The State admits that it failed to disclose two videos, one of which was a Taser video made by Detective Mike McCoy. The State further admits that the McCoy video showed the events around the time police entered the residence to arrest Thacker and that the officers admittedly are not heard announcing their identity and purpose immediately before entering. Less than thirty seconds after the police entered the residence, police gunshots that were fired at Thacker can be heard on the video. Also, the State admits that the officers who entered the residence were in plainclothes.
Our criminal statutes provide that a person is justified in using physical force upon another person to defend himself or herself or a third person from what the person reasonably believes to be the use or imminent use of unlawful physical force by that other person, and the person may use a degree of force that he or she reasonably believes to be necessary. Ark. Code Ann. § 5–2–606(a)(1) (Repl. 2013); see Ark. Code Ann. § 5–2–607(a) (Supp. 2015) (using deadly physical force). Thacker argues that the McCoy video would have supported a claim of self-defense—that he assaulted the police officer because he reasonably believed the person was not a police officer but instead a home invader. The McCoy video is particularly relevant because the officers were in plainclothes.

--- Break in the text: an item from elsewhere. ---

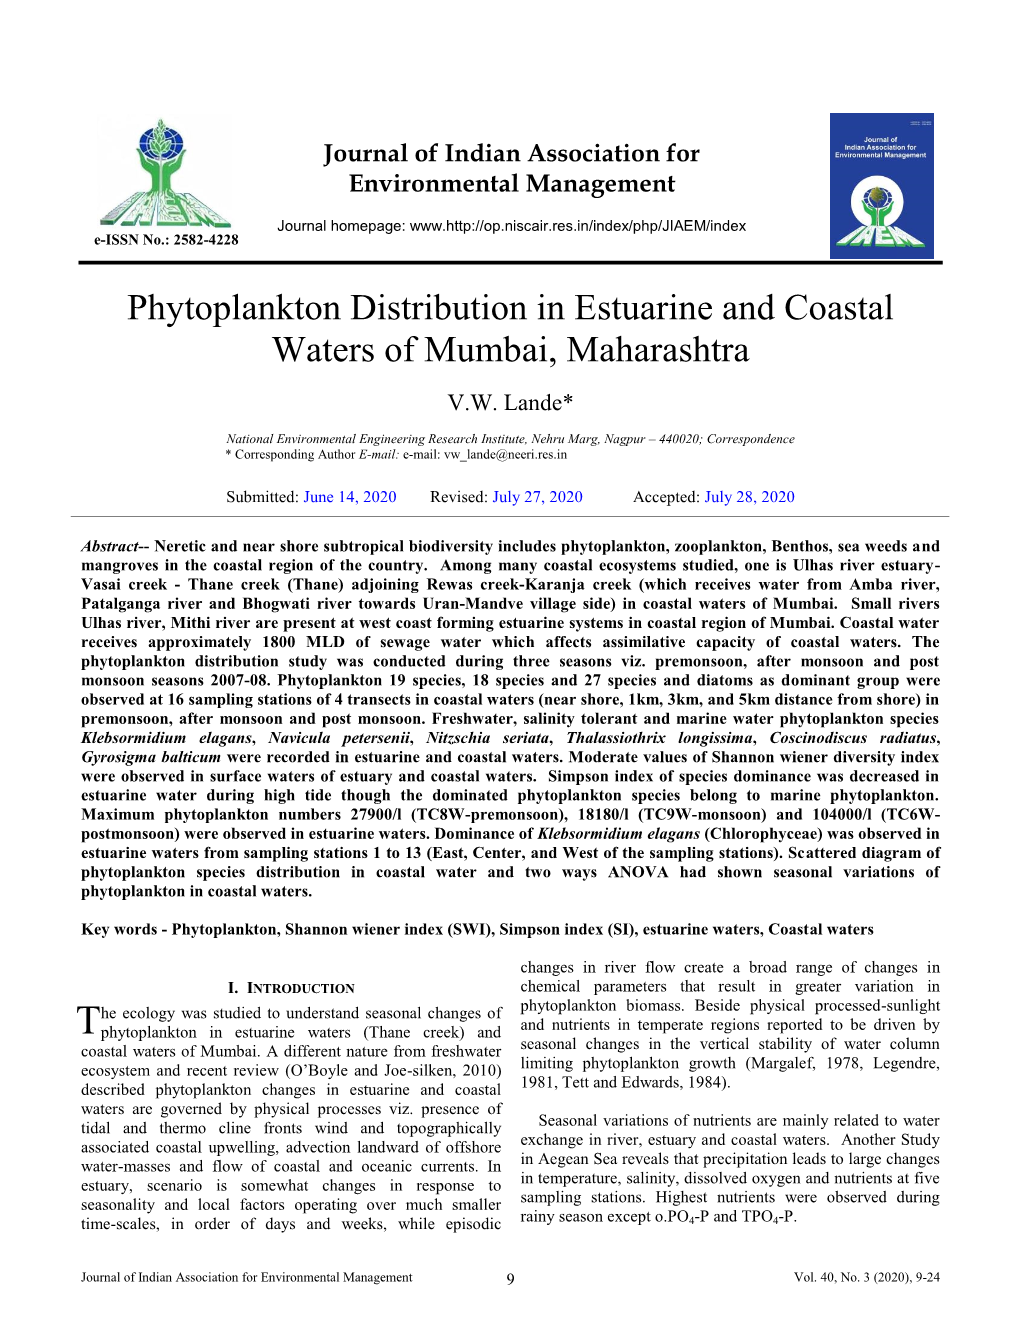 Phytoplankton Distribution in Estuarine and Coastal Waters of Mumbai, Maharashtra

In affirming the circuit court, the majority finds that the McCoy video fails to provide material evidence sufficient to support Thacker's self-defense claim because it is a “limited snapshot” prior to the police officers' entry. The majority states that the McCoy video “does not include what transpired or was announced” prior to the beginning of the video. The question whether the McCoy video is material, however, is not answered by asserting that it is a “limited snapshot.” The McCoy video directly rebuts the State's assertion that the occupants of the residence were verbally informed that it was the police who were trying to enter. Clearly, the McCoy video is material in that it would support Thacker's self-defense claim. Thus, a hearing should have been held on Thacker's petition because it cannot be said that Thacker's petition is clearly without merit.

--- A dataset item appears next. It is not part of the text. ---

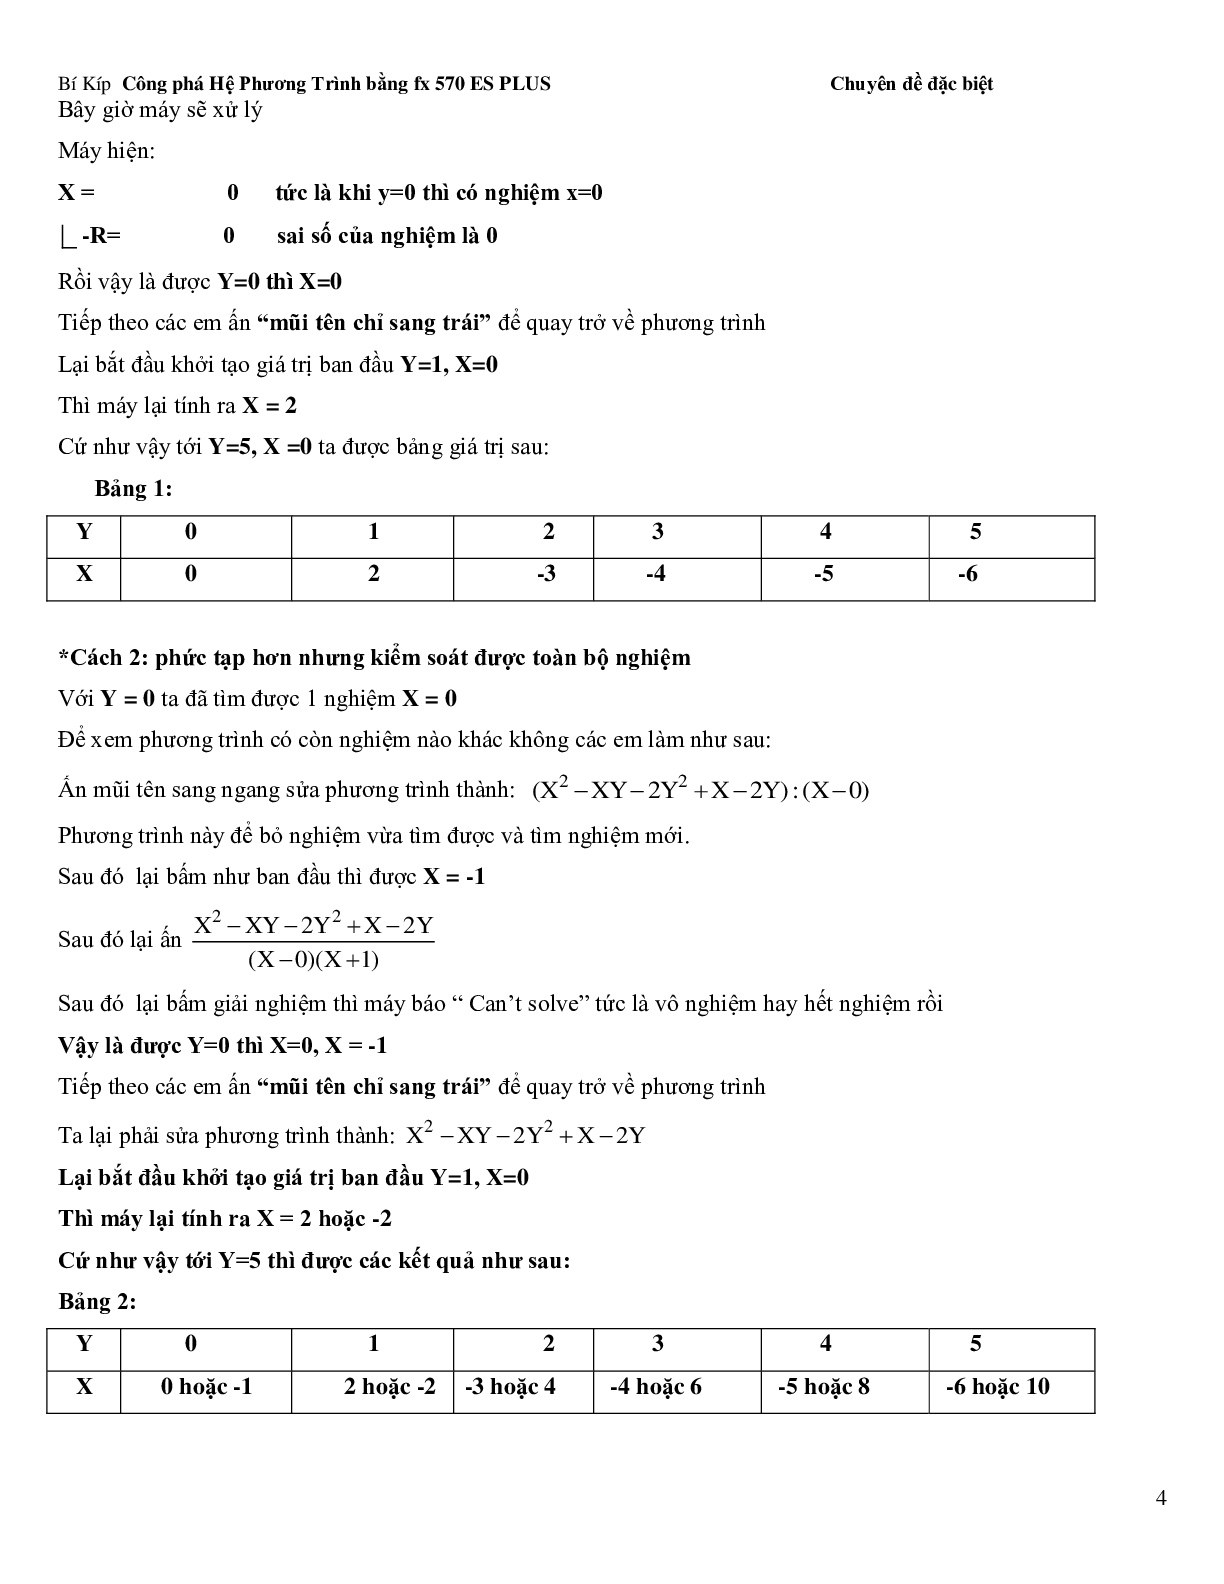 Bí kíp để giải hệ phương trình bằng Casio (trang 4)

Furthermore, the State admits that the McCoy video was not disclosed to Thacker before he pleaded guilty. Despite the majority's conclusion that it was a “limited snapshot,” the McCoy video would have supported Thacker's claim of self-defense because it shows that the police did not identify themselves when they entered the residence in plainclothes. Given that the McCoy video supported the defense and that Thacker was not afforded an opportunity to present evidence at a hearing, I cannot say that there is no reasonable probability that, had the McCoy video been disclosed to Thacker, he would not have pleaded guilty and would instead have gone to trial.
I respectfully dissent.
Danielson, J., joins in this dissent.